Di negeri dengan sejarah yang panjang ini pernah memerintah seorang kaisar, raja di raja, dengan kekuasaan bagaikan dewa, Haile Selassie. Ia juga sangat dipuja oleh kaum penganut ‘agama’ Rastafaria. Nama Rastafari diambil dari nama kecil Haile Selassie, Ras Tafari, sebelum menjadi penguasa Etiopia. Kaum Rastafarian inilah yang kemudian melahirkan aliran musik reggae. Pada tahun 1974, Haile Selassie digulingkan dari takhtanya, digantikan oleh sebuah pemerintahan Sosialis.

Negeri dengan populasi 40% golongan muslim ini sangat percaya pada para wali. Setiap benda dipercaya memiliki wali sendiri. Secara bergurau dikatakan, bahkan kutil pun ada walinya. Mereka juga kerap melangsungkan ritual agama yang bercampur tradisi di makam-makam para wali tersebut. Dari kenyataan ini tergambarlah sesungguhnya penduduk Ethiopia amat relijius sekaligus juga meyakini hal-hal mistis. Kalau di kita barangkali bisa disejajarkan dengan kejawen.

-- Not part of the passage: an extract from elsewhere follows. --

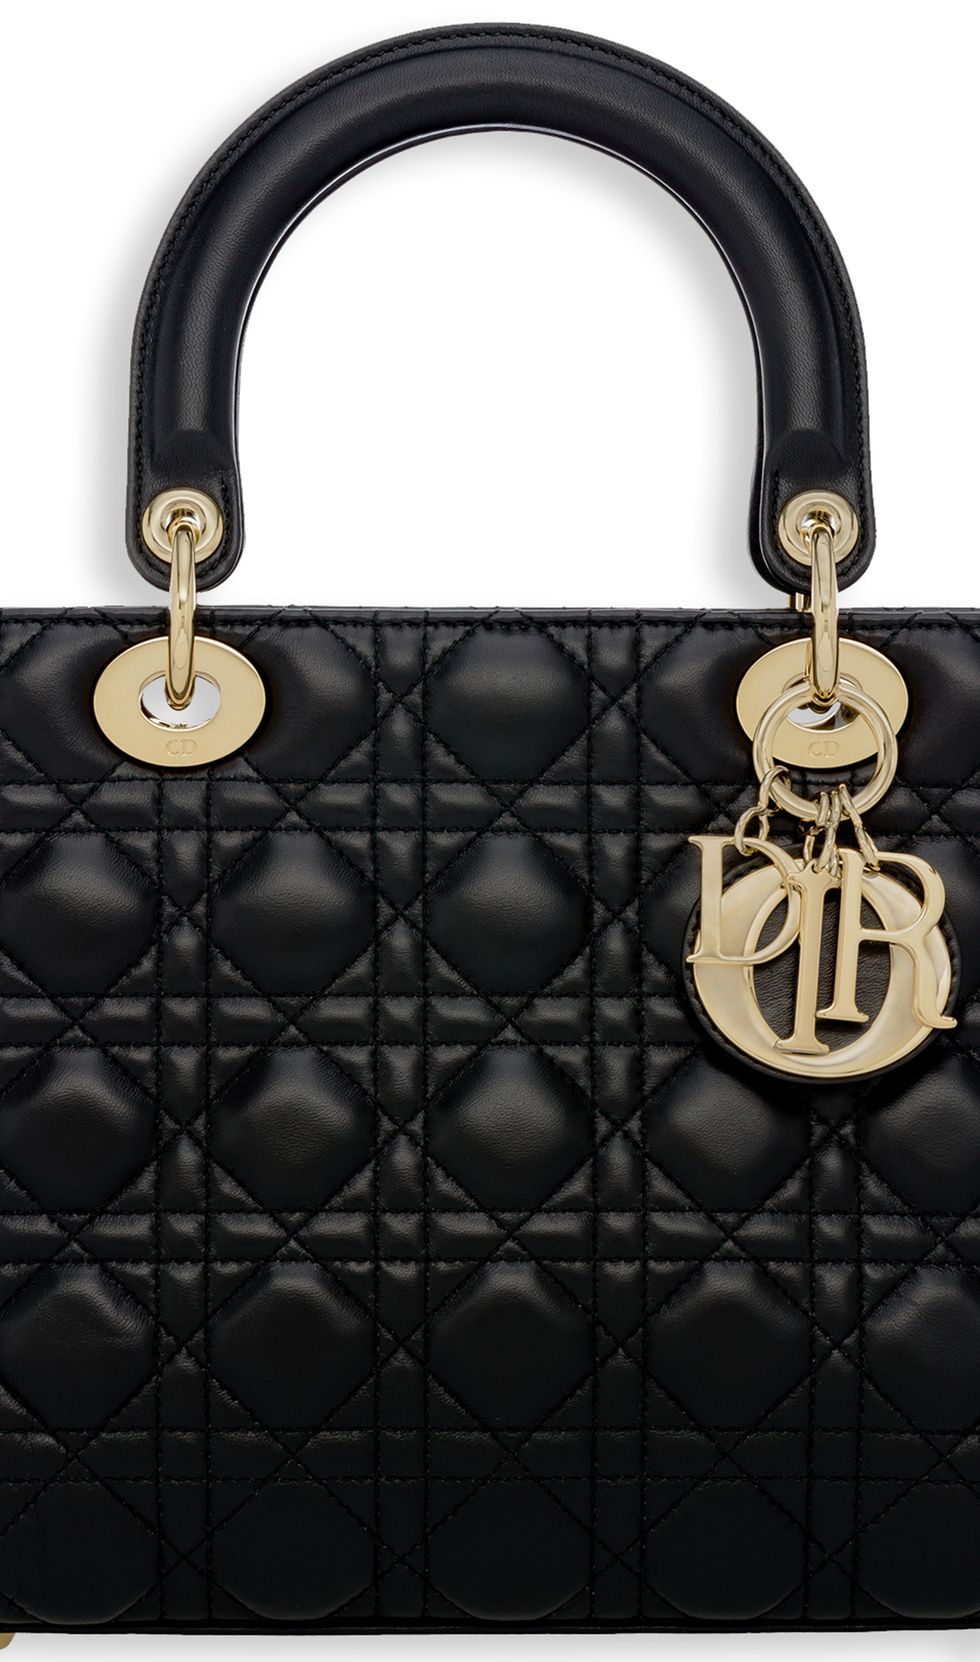 Lady Dior bag, Dior

Melalui kaca mata seorang novelis Kanada, Camilla Gibb, yang juga adalah master antropologi sosial, novel berjudul asli Sweetness in the Belly ini memaparkan wajah Etiopia pada kurun waktu 1970 hingga 1990-an. Dengan tokoh seorang wanita muda kelahiran Inggris, Lily, Camilla telah mengawetkan sepotong catatan sejarah negeri yang pernah mengilhami penyanyi balada Iwan Fals menciptakan sebuah lagunya yang terkenal: “Ethiopia”.

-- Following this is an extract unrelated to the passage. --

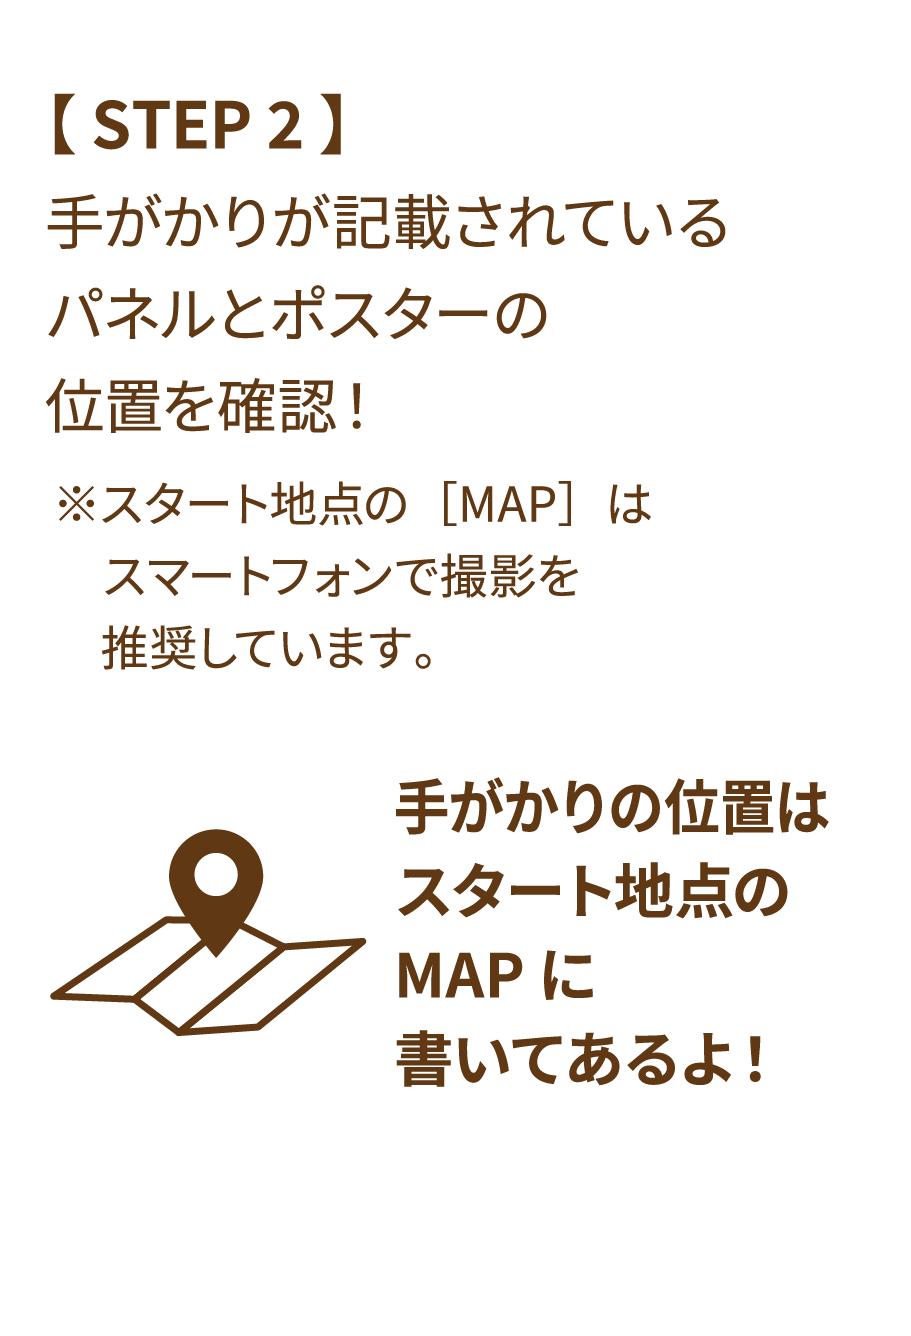 【 STEP 2 】手がかりが記載されているパネルとポスターの位置を確認！ ※スタート地点の［MAP］はスマートフォンで撮影を推奨しています。手がかりの位置はスタート地点のMAPに書いてあるよ！

Meskipun Lily adalah seorang farenji, kulit putih, ras yang sering dianggap lebih unggul dari kulit berwarna, namun Gibb tidak menampilkannya sebagai karakter yang serbapintar dan serbatahu. Gibb cukup bisa mengambil jarak dengan tokoh utamanya itu sehingga tidak terjerumus menjadikan dirinya sebagai Lily. Keterangan-keterangan ihwal kondisi alam, geografi, sosial politik, dan budaya setempat, tersampaikan melalui tokoh-tokoh lokalnya, seperti Aziz, seorang dokter muda yang bersama teman-teman mahasiswanya diam-diam melakukan gerakan perlawanan terhadap rezim yang berkuasa. Dalam setiap pertemuan dengan kawan-kawannya itu, Aziz mengajak Lily. Dari sinilah Lily mengeruk banyak informasi tentang negeri yang menjadi tanah air keduanya itu.

Agar cerita tak menjadi garing, tentu harus ada kisah cinta di antara para tokohnya, bukan? Maka, dibuatlah kisah asmara antara Lily dan Aziz.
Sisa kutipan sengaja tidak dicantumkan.